Niemand wist het antwoord. Langpoot voelde dat de zak opgetild werd. Hij wist precies hoe dat voelde. Hij had wel eens een web in een lift gebouwd. Na een paar keer heen en weer geweest te zijn met de lift had hij genoeg gehad van dat lichte gevoel in zijn hoofd als de lift naar beneden ging. Hij had moeten rennen om de lift uit te komen nadat de deuren opengingen. Bijna zat een van zijn achterpoten tussen de deuren toen ze weer dichtgingen. Met een plof kwam de zak in de vuilnisbak terecht. Weer dwarrelde er een hoop stof op en de spinnen kregen een hoestbui. De stoflaag kwam tot bedaren en Huiszebraspin sprong naar boven naar het dekseltje. Hij duwde er tegen maar het zat te vast om door een spin open gemaakt te worden.

‘Laten we met z’n allen de schouders eronder zetten’, riep hij naar beneden waar de anderen in het stof zaten. De spinnen die nog energie over hadden kropen naar boven en op het ‘een, twee, drie’ van Huiszebraspin, gaven ze allemaal een forse duw tegen het deksel. Het gaf een beetje mee en er was een kleine opening te zien. Trilspin paste door de opening en hij klom naar buiten. Op weer een ‘een, twee, drie’ van Huiszebraspin duwden de spinnen aan de binnenkant en trok Trilspin uit alle macht aan het dekseltje vanaf de buitenkant. De opening werd groter en nog een paar spinnen gingen naar buiten om Trilspin met trekken te helpen. Nog een ‘een, twee, drie’ en het dekseltje vloog eraf.
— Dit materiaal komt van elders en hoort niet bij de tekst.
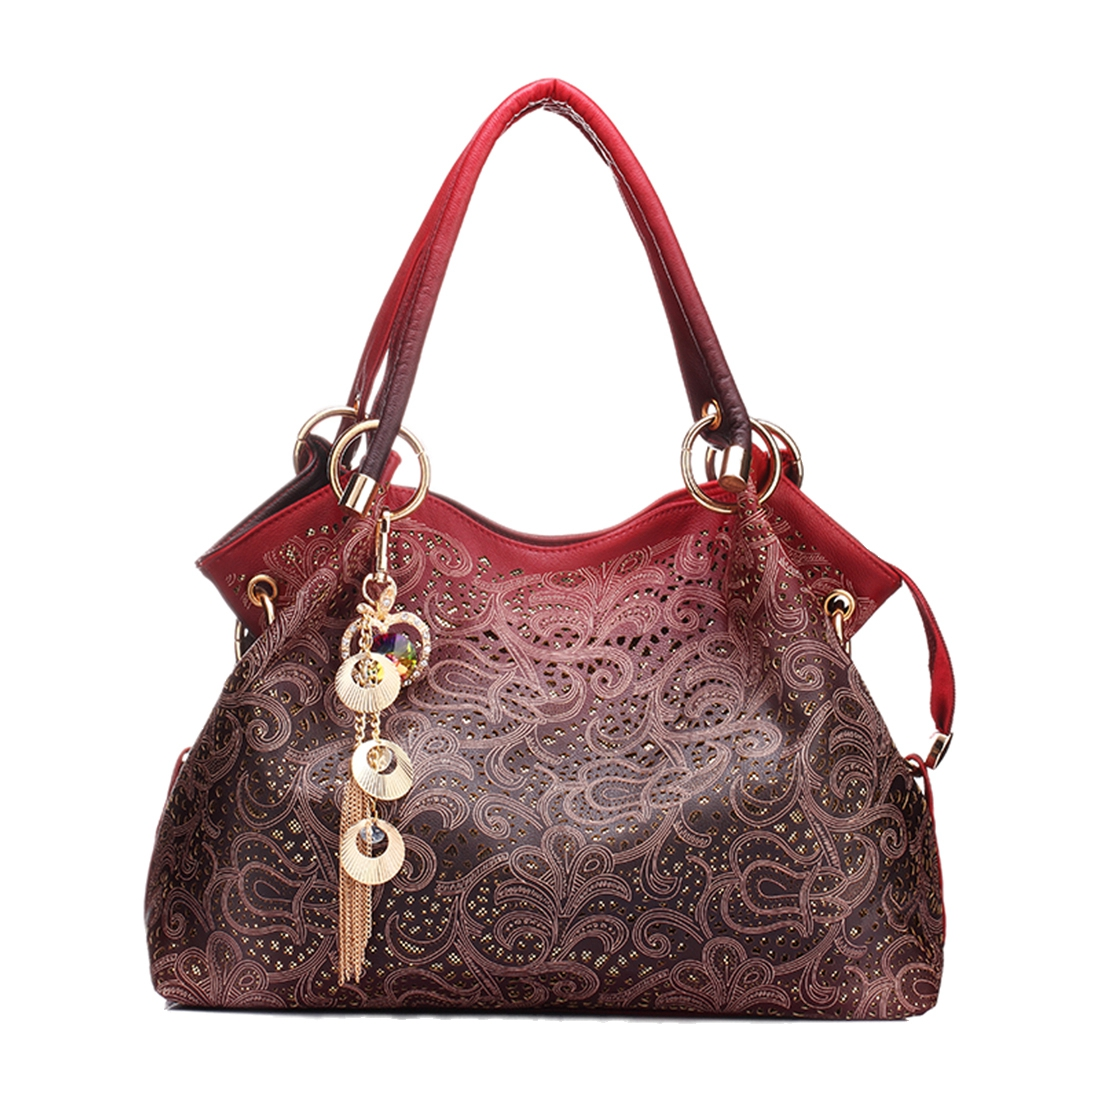 TEXU Women handbag ls

Een voor een werden de spinnen die niet zelf naar buiten konden komen geholpen en in de frisse lucht gebracht. Met elkaar vingen ze genoeg vliegjes om hun ergste honger te stillen. De spinnen die het meest verzwakt waren door het gebrek aan eten en frisse lucht, werden in een hoekje achter de vuilnisbak verstopt.  Zij konden niet deelnemen aan het plan dat Kruisspin bedacht had.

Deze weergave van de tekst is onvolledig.